In any of the above cases, as a method of reversely rotating the rotor, a method of reversely rotating the motor by reversing the polarity of the motor current has been taken.

Japanese Patent Application Laid-Open No. 2005-289506 Japanese Patent Application Laid-open No. 2000-103404 Japanese Patent No. 3895989

However, in order to reverse the rotor, the conventional method of reversing the polarity of the motor current to reverse the motor has a large torque applied to the motor at the time of reverse rotation. There is a problem that is increased and affects the life of the motor.

Therefore, the subject of this invention is the chemical | medical agent feeder and the chemical | medical agent dispensing apparatus equipped with this WHEREIN: The improvement is added to the drive apparatus which drives the rotor of a dispensing cassette, and when a clogging of a tablet is detected, a motor is not reversed, The motor rotates only the rotor in the forward rotation state to eliminate clogging of the tablet.
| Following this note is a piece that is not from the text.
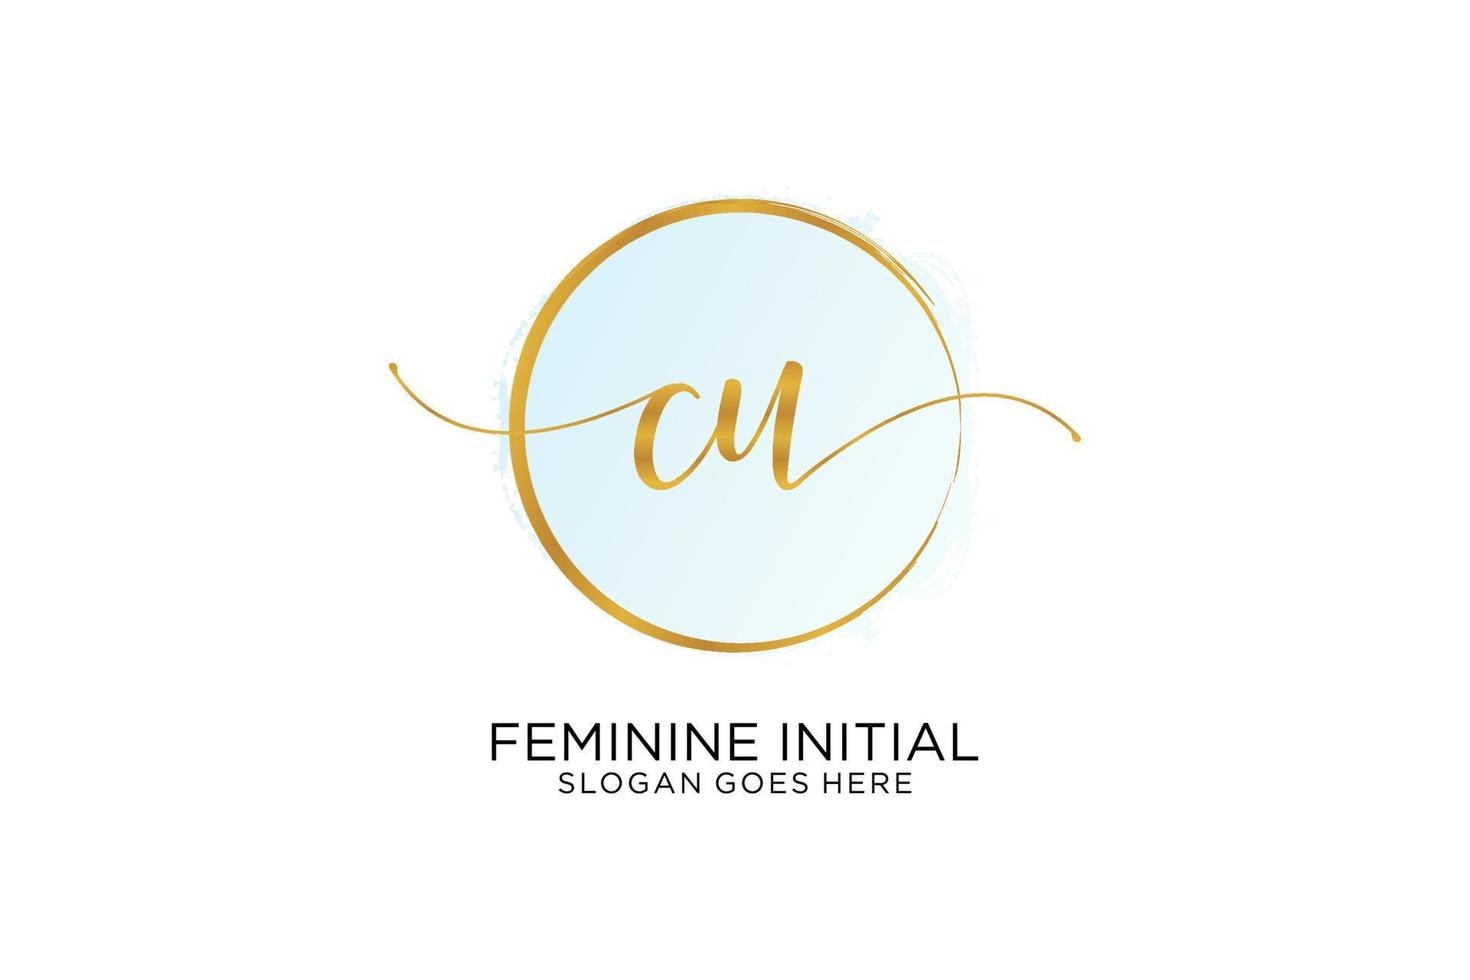 Initial CU handwriting logo with circle template vector signature, wedding, fashion, floral and botanical with creative template.

MEANS TO SOLVE THE PROBLEM In order to solve the said subject, invention about a medicine feeder consists of a combination of the delivery cassette of a chemical | medical agent and a drive apparatus, The said delivery cassette is provided with the chemical | medical agent accommodating part which accommodates a chemical | medical agent, and the rotor provided in the bottom of the chemical | medical agent accommodation part. The drive device includes a drive motor, a gear transmission device, an output shaft, and a switching device, and the gear transmission device includes a forward rotation transmission path and a reverse rotation transmission constituted by a gear train provided between the motor shaft and the output shaft of the drive motor. It has a path | route, and the drive force of the said drive motor is switched to either of the said transmission paths by the said switching device, and it is made to output to the said delivery cassette.
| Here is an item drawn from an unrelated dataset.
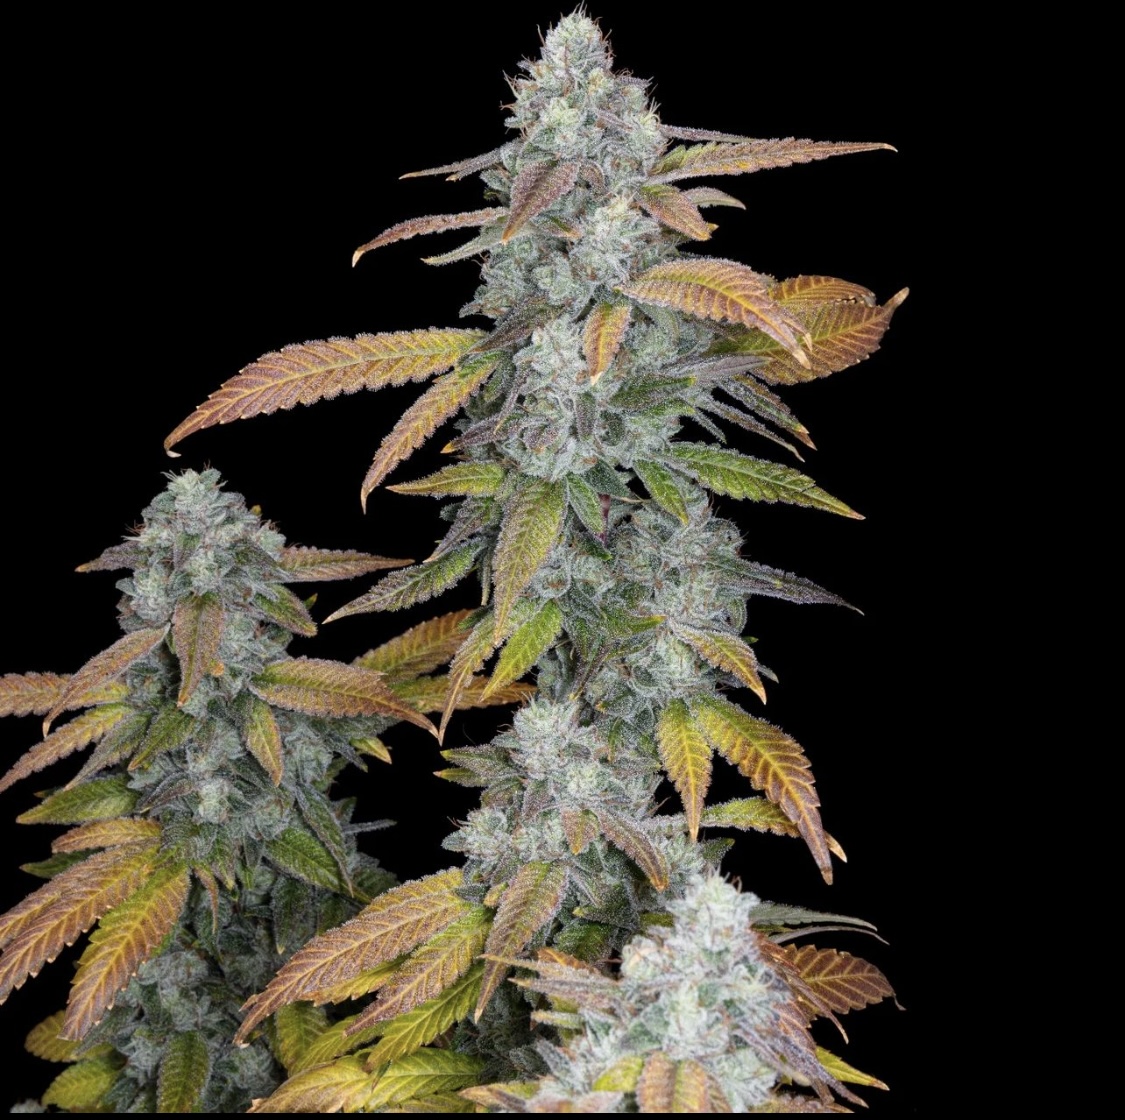 Romulan S1
Bred AND Cultivated by 
@romulangenetics

In the above-described medicine feeder, when the dispensing cassette is driven by the drive device, the driving force is transmitted via the forward rotation transmission path so that the rotor is rotated forward, and the tablet is dispensed. When a trouble such as clogging of the tablet is detected, the motor reverses the rotor in the forward rotation state by switching the transmission path of the driving force to the reverse rotation transmission path by the action of the switching device. Attempt to clear the blockage.

Moreover, in order to solve the said subject, the invention regarding the drug delivery device is a medicine delivery device provided with the required number of medicine feeders, a control circuit, and a display part, The said medicine feeder is a combination of a medicine delivery cassette and a drive apparatus. The dispensing cassette is provided with a medicine storage portion for storing the medicine and a rotor provided at the bottom of the medicine storage portion, and the driving device includes a drive motor, a gear transmission device, an output shaft, a switching device, a tablet counting sensor, and a rotor rotation. And a detection sensor, wherein the gear transmission device is constituted by a forward rotation transmission path and a reverse rotation transmission path provided between the motor shaft and the output shaft of the drive motor, and the driving force of the drive motor is transmitted by the switching device. The rotor rotation is detected in the control circuit by switching to either of the paths and outputting to the dispensing cassette. And then based on the signal of books in which a predetermined time reversing the rotor when the rotor is stopped by the detection to control the drive means so as to return to the normal rotation.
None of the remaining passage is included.